Мистер Сэлинджер, необыкновенно было встретить так, запросто, мое нечаянное радио в Вашем Нью-Йорке, увидеть мои прямые волосы, перемешанные с курчавыми Симора. Сердце ныряло куда-то без акваланга, ладони вспотели, во рту пересохло. Мне показалось тогда, на берегу Горьковского моря, что я причислен к сонму ангелов. Я не мог объяснить, почему. Сейчас могу.

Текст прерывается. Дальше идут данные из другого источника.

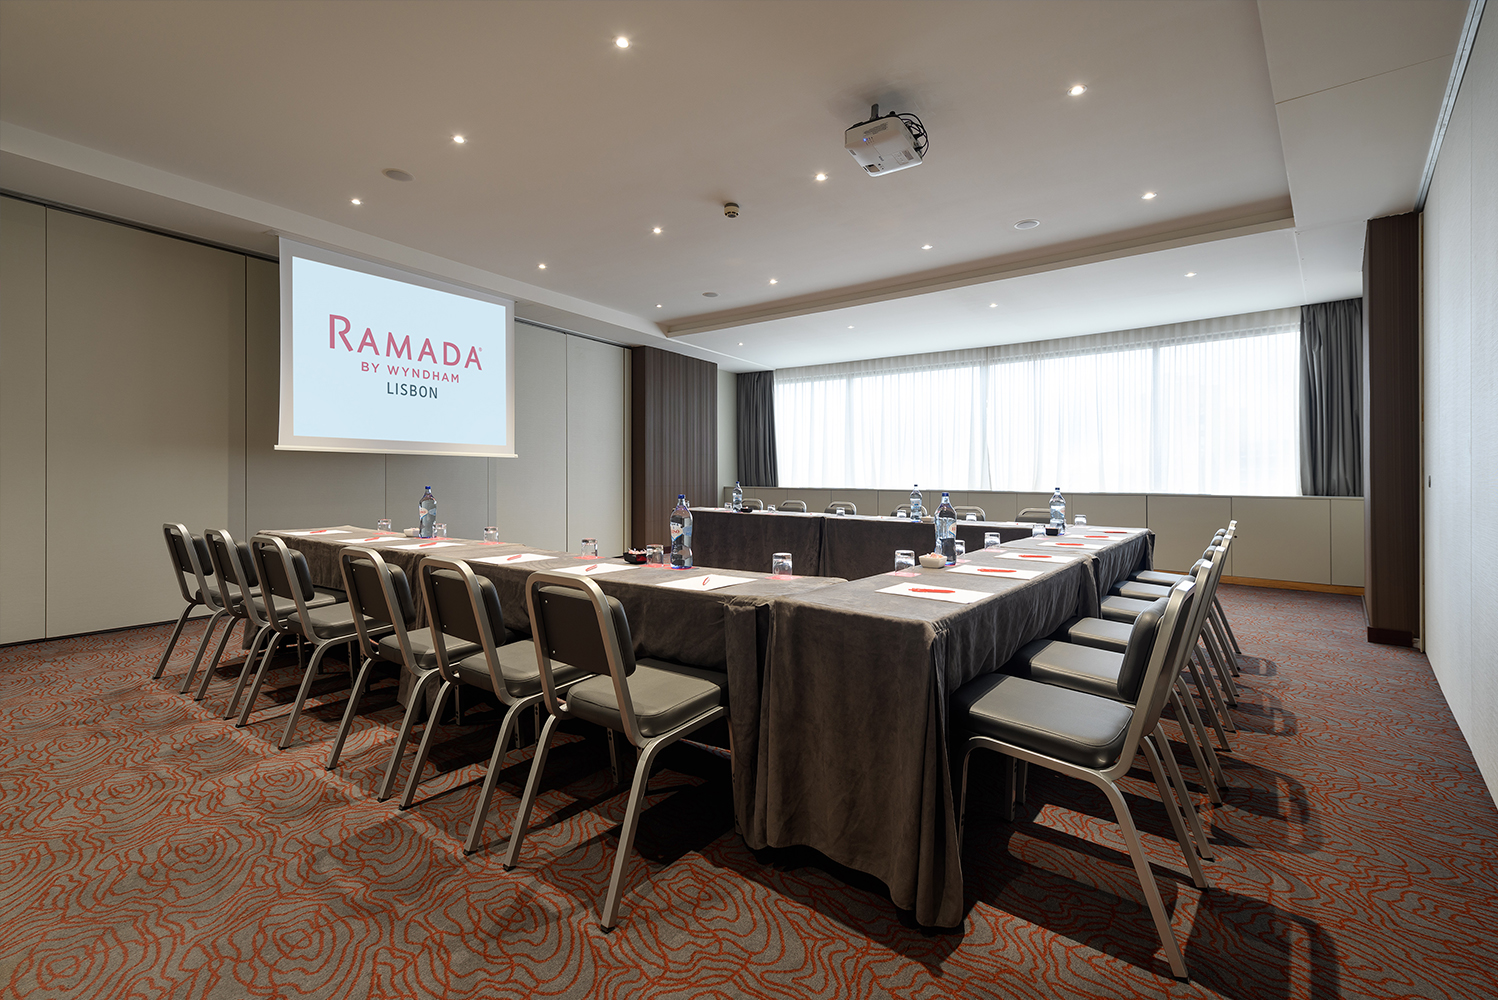 Ramada Lisbon former Olaias Park Hotel refurbished its meeting and event rooms following an investment by DHM - Discovery H

Маркони радио не изобретал. Он всего лишь вернул «эфиру» изначальную функцию: быть вместилищем нетелесных объектов. Вот как определял «эфир» неизвестный Вам, мистер Сэлинджер, русский поэт Даль: «самое жидкое, тонкое, легкое и проницательное, что еле доступно чувствам, или даже от них укрывается; предполагаемое во всем пространстве вселенной вещество, по тонкости своей недоступное чувствам, служащее средою, для передачи сил или веществ невесомых…» Понимаете теперь, что я догадался, куда Вы поселили Симора, Бадди, Бу-Бу, Уолта, Уэйкера, Зуи и Фрэнни Глассов? Вы понимаете, на что их обрекли, кем сделали: «Эфирный житель – небожитель». Попросту говоря, ангел. Ведь все они, от Симора до Фрэнни, постоянно находились в эфире, их голоса постоянно звучали в радиопередаче «Умный ребенок». Получается, что Вы, мистер Сэлинджер, написали несколько повестей и рассказов о семействе ангелов, как бы намекая нам, читателям, и то, что ангелы на самом деле существуют, и то, что существуют они в эфире, в радиоэфире. После этого Вы посчитали свою миссию оконченной и преспокойно заперлись в своем доме в Корнише. А ангелы тем временем непринужденно носились (и носятся) по радиоэфиру, смущая осенними вечерами советских мальчиков! Эфир безбрежен, количество ангелов, даже могущее уместиться на острие иголки, бесконечно. Так и получается, что мы окружены, опутаны ангельскими голосами; достаточно включить радио. Впрочем, недостаточно. Я забыл, мистер Сэлинджер, самое главное: надо суметь их услышать. Что же, Вы советуете сидеть всю жизнь, развесив уши?
И все-таки, может быть, может быть, я брежу, я нанюхался эфиру, и произошло редкое совпадение, недопонимание, и Вы ничего такого не подразумевали вовсе, а написали несколько прелестных образчиков американского fiction. Если так, то прошу Вас извинить меня, коллега Сэлинджер.